Open eskibars opened 6 years ago

eskibars commented 6 years ago

Describe the feature: We have counter which bounds the maximum number of internal statement executions in Painless. That number (maxLoopCounter) has gone from 10,000 to 1,000,000 as we've realized it's not large enough. Today, again, we have users hitting the upper bound ("The maximum number of statements that can be executed in a loop has been reached") and asking to increase the number.

Inevitably, users will get this number wrong and some central cluster administrator will see it as a super-long-running-CPU-intensive query, so I'm against it being set at index/query time. However, I did want to open up an issue to discuss the idea of allowing this to be set at the cluster-level setting, which may allow those administering their ES cluster to choose the correct value.

jasontedor commented 6 years ago

FYI @elastic/es-core-infra.

rjernst commented 6 years ago

I don't think this should be a cluster level setting, but instead a per context value. Different types of scripts have different values that make sense. In a scoring script, we should go back to 10000 (or less even). In scripted fields, we can go much higher since this only operates on top N. I think we should start here, and then revisit based on future feedback with the new values in mind.

eskibars commented 6 years ago

I don't think this should be a cluster level setting, but instead a per context value.

That actually makes a lot more sense to me. +1

jdconrad commented 6 years ago

Definitely agree with @rjernst on that. So it's a matter of plumbing. For safety I would only allow this be set once at start up per context since allowing dynamic changes would potentially allow a user to turn off loop counting when it shouldn't be.

ghost commented 3 years ago

Our team encountered this problem. We're using version 7.6. Is there any chance to set 'maxLoopCounter '?

consulthys commented 3 years ago

It is also worth noting that this is also a problem for scripts used in scripted metric aggregations potentially running on millions of documents. In the reduce script, there are usually two nested for loops to process all the states from all the shards and one can reach 1M invocations pretty easily.

So this counter should be increased for that context also.

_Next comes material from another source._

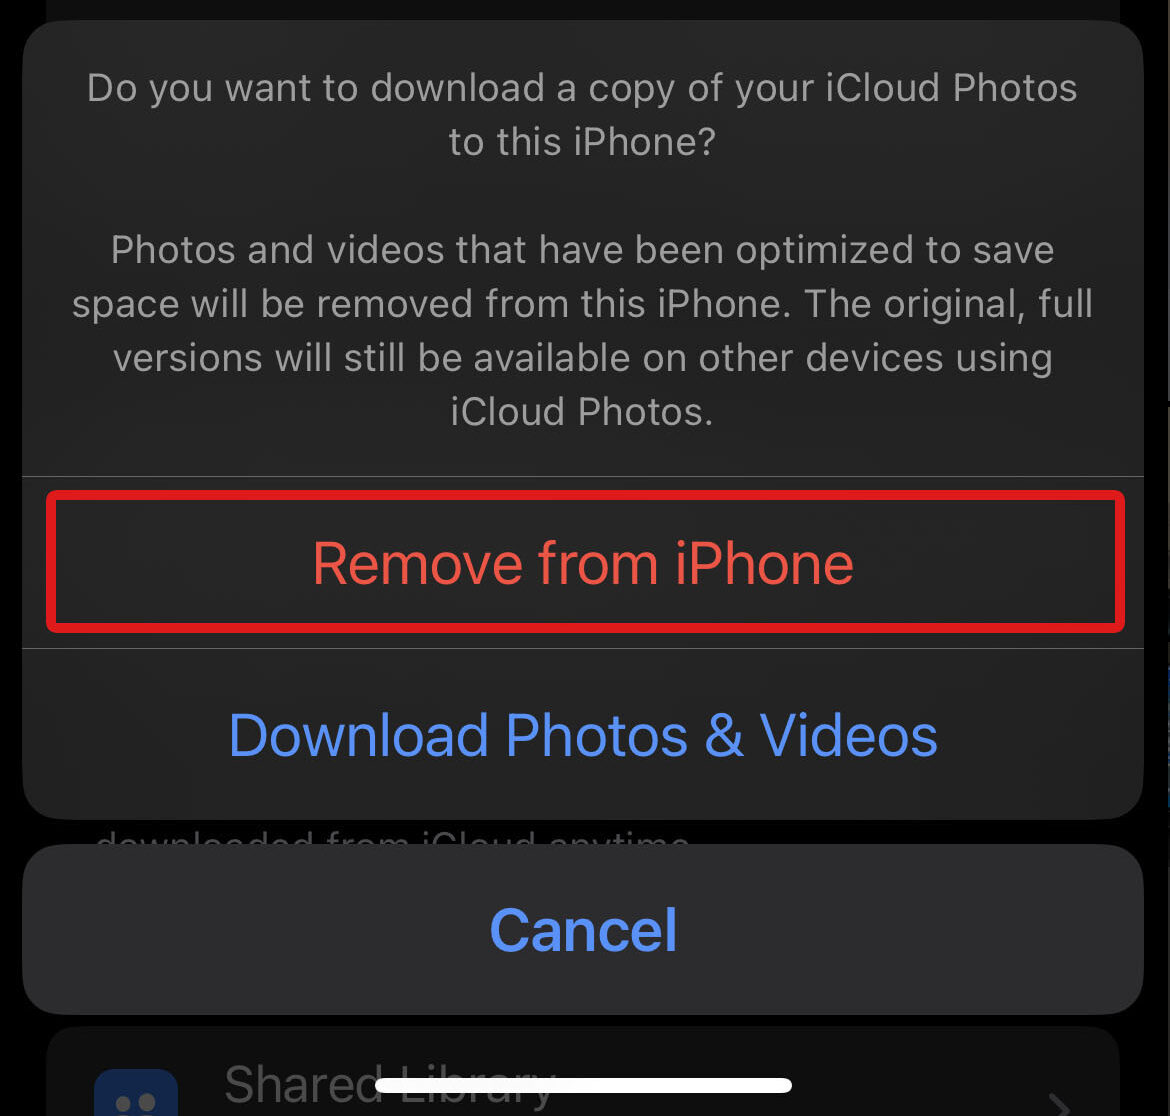 Remove from iPhone

joseftoman commented 2 years ago

Any news on setting maxLoopCounter? I've just hit the limit with a complex scripted metric. The only alternative is pulling all the data out of Elastic using scroll/search_after and that would be hugely ineffective.

JeffBolle commented 2 years ago

It is also worth noting that this is also a problem for scripts used in scripted metric aggregations potentially running on millions of documents. In the reduce script, there are usually two nested for loops to process all the states from all the shards and one can reach 1M invocations pretty easily.

So this counter should be increased for that context also.

This is exactly the situation I've just reached. I'm now searching for ways to get around this counter.

EDIT For those that find this via google, the solution is to refactor and use forEach loops on your long arrays or nested data structures.

whitingj commented 1 year ago

@JeffBolle When you say use forEach loops, how do I do that?

This is my script and I'm using a for ... in statement and am getting the maxLoopCounter problem.

This is my combine and reduce phases for calculating an xor over a field that is giving me the error:

'xor-combine': 'long xorValue = 0; for (d in state.xorValues) {xorValue = xorValue ^ d} return xorValue',
'xor-reduce': 'long xorValue = 0; for (x in states) {xorValue = xorValue ^ x} return xorValue',

puja2718 commented 11 months ago

Hi, is this issue resolved? I am still getting this error "painless_error: The maximum number of statements that can be executed in a loop has been reached"